(Source data)
________________________
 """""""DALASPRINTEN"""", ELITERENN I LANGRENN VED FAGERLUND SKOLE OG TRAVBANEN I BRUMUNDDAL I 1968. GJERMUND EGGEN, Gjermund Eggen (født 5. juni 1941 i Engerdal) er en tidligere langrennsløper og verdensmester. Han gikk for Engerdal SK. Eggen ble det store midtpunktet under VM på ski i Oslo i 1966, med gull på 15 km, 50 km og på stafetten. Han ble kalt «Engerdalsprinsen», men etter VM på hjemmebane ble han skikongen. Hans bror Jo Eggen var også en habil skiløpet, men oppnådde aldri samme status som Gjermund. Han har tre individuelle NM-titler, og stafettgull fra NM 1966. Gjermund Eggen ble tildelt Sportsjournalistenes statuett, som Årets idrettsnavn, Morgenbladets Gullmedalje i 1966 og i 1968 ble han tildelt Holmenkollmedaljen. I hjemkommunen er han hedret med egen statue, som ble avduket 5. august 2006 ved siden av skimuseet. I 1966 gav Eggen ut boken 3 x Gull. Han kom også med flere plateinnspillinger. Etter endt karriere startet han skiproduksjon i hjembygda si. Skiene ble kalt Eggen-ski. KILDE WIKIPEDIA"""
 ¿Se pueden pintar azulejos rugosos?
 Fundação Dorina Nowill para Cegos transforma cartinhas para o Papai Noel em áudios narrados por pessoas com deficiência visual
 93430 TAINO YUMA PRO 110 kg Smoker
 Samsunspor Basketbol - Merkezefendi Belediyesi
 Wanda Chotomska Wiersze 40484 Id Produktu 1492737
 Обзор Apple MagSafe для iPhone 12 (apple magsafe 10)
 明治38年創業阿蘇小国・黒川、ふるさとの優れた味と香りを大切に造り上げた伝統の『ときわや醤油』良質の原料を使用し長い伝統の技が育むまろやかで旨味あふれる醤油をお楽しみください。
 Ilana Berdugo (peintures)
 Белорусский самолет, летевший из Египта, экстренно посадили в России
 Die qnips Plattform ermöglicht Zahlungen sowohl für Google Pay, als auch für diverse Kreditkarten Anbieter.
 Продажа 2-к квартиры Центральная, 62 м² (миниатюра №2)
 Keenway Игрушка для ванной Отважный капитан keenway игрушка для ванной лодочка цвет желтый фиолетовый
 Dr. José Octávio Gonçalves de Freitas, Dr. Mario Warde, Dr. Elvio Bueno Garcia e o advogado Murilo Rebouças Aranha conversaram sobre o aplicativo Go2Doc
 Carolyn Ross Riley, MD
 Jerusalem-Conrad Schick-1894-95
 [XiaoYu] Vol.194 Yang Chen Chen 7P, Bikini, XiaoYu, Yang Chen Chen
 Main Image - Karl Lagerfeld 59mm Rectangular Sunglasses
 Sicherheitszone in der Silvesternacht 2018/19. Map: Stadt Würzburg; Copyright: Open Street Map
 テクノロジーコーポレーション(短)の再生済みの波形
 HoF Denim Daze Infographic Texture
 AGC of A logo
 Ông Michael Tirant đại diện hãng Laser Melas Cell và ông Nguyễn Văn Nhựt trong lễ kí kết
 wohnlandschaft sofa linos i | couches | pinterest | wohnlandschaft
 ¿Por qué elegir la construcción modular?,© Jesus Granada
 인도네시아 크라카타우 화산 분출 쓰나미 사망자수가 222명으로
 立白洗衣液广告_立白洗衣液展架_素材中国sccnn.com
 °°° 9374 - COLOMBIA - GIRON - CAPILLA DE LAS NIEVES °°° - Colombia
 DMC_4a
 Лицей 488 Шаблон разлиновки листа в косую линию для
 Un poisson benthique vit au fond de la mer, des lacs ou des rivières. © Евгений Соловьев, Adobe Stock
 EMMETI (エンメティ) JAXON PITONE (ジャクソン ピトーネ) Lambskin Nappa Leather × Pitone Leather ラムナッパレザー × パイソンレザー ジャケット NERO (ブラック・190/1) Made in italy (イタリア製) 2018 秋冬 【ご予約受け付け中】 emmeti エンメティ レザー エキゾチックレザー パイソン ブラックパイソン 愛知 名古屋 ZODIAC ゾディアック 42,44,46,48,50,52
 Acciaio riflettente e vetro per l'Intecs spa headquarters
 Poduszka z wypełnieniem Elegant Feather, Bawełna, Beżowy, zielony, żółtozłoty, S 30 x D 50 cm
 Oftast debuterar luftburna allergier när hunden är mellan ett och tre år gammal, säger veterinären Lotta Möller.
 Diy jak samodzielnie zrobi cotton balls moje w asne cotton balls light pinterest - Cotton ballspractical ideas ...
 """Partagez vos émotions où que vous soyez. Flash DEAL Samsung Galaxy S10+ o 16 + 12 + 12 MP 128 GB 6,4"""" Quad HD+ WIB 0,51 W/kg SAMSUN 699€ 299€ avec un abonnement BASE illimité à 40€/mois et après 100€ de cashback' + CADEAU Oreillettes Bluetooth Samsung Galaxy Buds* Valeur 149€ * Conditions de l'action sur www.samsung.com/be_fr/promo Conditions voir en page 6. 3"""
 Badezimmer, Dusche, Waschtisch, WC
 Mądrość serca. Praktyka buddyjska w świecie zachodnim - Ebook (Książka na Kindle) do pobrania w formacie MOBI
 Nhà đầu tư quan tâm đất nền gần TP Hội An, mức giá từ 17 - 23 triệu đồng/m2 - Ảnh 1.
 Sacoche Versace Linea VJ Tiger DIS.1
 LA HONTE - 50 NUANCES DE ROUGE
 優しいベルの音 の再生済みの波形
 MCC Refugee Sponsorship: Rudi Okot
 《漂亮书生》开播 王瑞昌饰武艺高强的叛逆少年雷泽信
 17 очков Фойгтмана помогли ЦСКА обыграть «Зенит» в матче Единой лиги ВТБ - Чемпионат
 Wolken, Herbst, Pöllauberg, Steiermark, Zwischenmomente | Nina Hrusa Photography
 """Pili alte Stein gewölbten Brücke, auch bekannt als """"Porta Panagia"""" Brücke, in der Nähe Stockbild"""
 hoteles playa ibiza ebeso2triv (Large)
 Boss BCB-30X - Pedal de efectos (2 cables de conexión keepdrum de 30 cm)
________________________
**Task to complete**
Give all the records above again, wording unchanged.

**Result for this exercise**
 """""""DALASPRINTEN"""", ELITERENN I LANGRENN VED FAGERLUND SKOLE OG TRAVBANEN I BRUMUNDDAL I 1968. GJERMUND EGGEN, Gjermund Eggen (født 5. juni 1941 i Engerdal) er en tidligere langrennsløper og verdensmester. Han gikk for Engerdal SK. Eggen ble det store midtpunktet under VM på ski i Oslo i 1966, med gull på 15 km, 50 km og på stafetten. Han ble kalt «Engerdalsprinsen», men etter VM på hjemmebane ble han skikongen. Hans bror Jo Eggen var også en habil skiløpet, men oppnådde aldri samme status som Gjermund. Han har tre individuelle NM-titler, og stafettgull fra NM 1966. Gjermund Eggen ble tildelt Sportsjournalistenes statuett, som Årets idrettsnavn, Morgenbladets Gullmedalje i 1966 og i 1968 ble han tildelt Holmenkollmedaljen. I hjemkommunen er han hedret med egen statue, som ble avduket 5. august 2006 ved siden av skimuseet. I 1966 gav Eggen ut boken 3 x Gull. Han kom også med flere plateinnspillinger. Etter endt karriere startet han skiproduksjon i hjembygda si. Skiene ble kalt Eggen-ski. KILDE WIKIPEDIA"""
 ¿Se pueden pintar azulejos rugosos?
 Fundação Dorina Nowill para Cegos transforma cartinhas para o Papai Noel em áudios narrados por pessoas com deficiência visual
 93430 TAINO YUMA PRO 110 kg Smoker
 Samsunspor Basketbol - Merkezefendi Belediyesi
 Wanda Chotomska Wiersze 40484 Id Produktu 1492737
 Обзор Apple MagSafe для iPhone 12 (apple magsafe 10)
 明治38年創業阿蘇小国・黒川、ふるさとの優れた味と香りを大切に造り上げた伝統の『ときわや醤油』良質の原料を使用し長い伝統の技が育むまろやかで旨味あふれる醤油をお楽しみください。
 Ilana Berdugo (peintures)
 Белорусский самолет, летевший из Египта, экстренно посадили в России
 Die qnips Plattform ermöglicht Zahlungen sowohl für Google Pay, als auch für diverse Kreditkarten Anbieter.
 Продажа 2-к квартиры Центральная, 62 м² (миниатюра №2)
 Keenway Игрушка для ванной Отважный капитан keenway игрушка для ванной лодочка цвет желтый фиолетовый
 Dr. José Octávio Gonçalves de Freitas, Dr. Mario Warde, Dr. Elvio Bueno Garcia e o advogado Murilo Rebouças Aranha conversaram sobre o aplicativo Go2Doc
 Carolyn Ross Riley, MD
 Jerusalem-Conrad Schick-1894-95
 [XiaoYu] Vol.194 Yang Chen Chen 7P, Bikini, XiaoYu, Yang Chen Chen
 Main Image - Karl Lagerfeld 59mm Rectangular Sunglasses
 Sicherheitszone in der Silvesternacht 2018/19. Map: Stadt Würzburg; Copyright: Open Street Map
 テクノロジーコーポレーション(短)の再生済みの波形
 HoF Denim Daze Infographic Texture
 AGC of A logo
 Ông Michael Tirant đại diện hãng Laser Melas Cell và ông Nguyễn Văn Nhựt trong lễ kí kết
 wohnlandschaft sofa linos i | couches | pinterest | wohnlandschaft
 ¿Por qué elegir la construcción modular?,© Jesus Granada
 인도네시아 크라카타우 화산 분출 쓰나미 사망자수가 222명으로
 立白洗衣液广告_立白洗衣液展架_素材中国sccnn.com
 °°° 9374 - COLOMBIA - GIRON - CAPILLA DE LAS NIEVES °°° - Colombia
 DMC_4a
 Лицей 488 Шаблон разлиновки листа в косую линию для
 Un poisson benthique vit au fond de la mer, des lacs ou des rivières. © Евгений Соловьев, Adobe Stock
 EMMETI (エンメティ) JAXON PITONE (ジャクソン ピトーネ) Lambskin Nappa Leather × Pitone Leather ラムナッパレザー × パイソンレザー ジャケット NERO (ブラック・190/1) Made in italy (イタリア製) 2018 秋冬 【ご予約受け付け中】 emmeti エンメティ レザー エキゾチックレザー パイソン ブラックパイソン 愛知 名古屋 ZODIAC ゾディアック 42,44,46,48,50,52
 Acciaio riflettente e vetro per l'Intecs spa headquarters
 Poduszka z wypełnieniem Elegant Feather, Bawełna, Beżowy, zielony, żółtozłoty, S 30 x D 50 cm
 Oftast debuterar luftburna allergier när hunden är mellan ett och tre år gammal, säger veterinären Lotta Möller.
 Diy jak samodzielnie zrobi cotton balls moje w asne cotton balls light pinterest - Cotton ballspractical ideas ...
 """Partagez vos émotions où que vous soyez. Flash DEAL Samsung Galaxy S10+ o 16 + 12 + 12 MP 128 GB 6,4"""" Quad HD+ WIB 0,51 W/kg SAMSUN 699€ 299€ avec un abonnement BASE illimité à 40€/mois et après 100€ de cashback' + CADEAU Oreillettes Bluetooth Samsung Galaxy Buds* Valeur 149€ * Conditions de l'action sur www.samsung.com/be_fr/promo Conditions voir en page 6. 3"""
 Badezimmer, Dusche, Waschtisch, WC
 Mądrość serca. Praktyka buddyjska w świecie zachodnim - Ebook (Książka na Kindle) do pobrania w formacie MOBI
 Nhà đầu tư quan tâm đất nền gần TP Hội An, mức giá từ 17 - 23 triệu đồng/m2 - Ảnh 1.
 Sacoche Versace Linea VJ Tiger DIS.1
 LA HONTE - 50 NUANCES DE ROUGE
 優しいベルの音 の再生済みの波形
 MCC Refugee Sponsorship: Rudi Okot
 《漂亮书生》开播 王瑞昌饰武艺高强的叛逆少年雷泽信
 17 очков Фойгтмана помогли ЦСКА обыграть «Зенит» в матче Единой лиги ВТБ - Чемпионат
 Wolken, Herbst, Pöllauberg, Steiermark, Zwischenmomente | Nina Hrusa Photography
 """Pili alte Stein gewölbten Brücke, auch bekannt als """"Porta Panagia"""" Brücke, in der Nähe Stockbild"""
 hoteles playa ibiza ebeso2triv (Large)
 Boss BCB-30X - Pedal de efectos (2 cables de conexión keepdrum de 30 cm)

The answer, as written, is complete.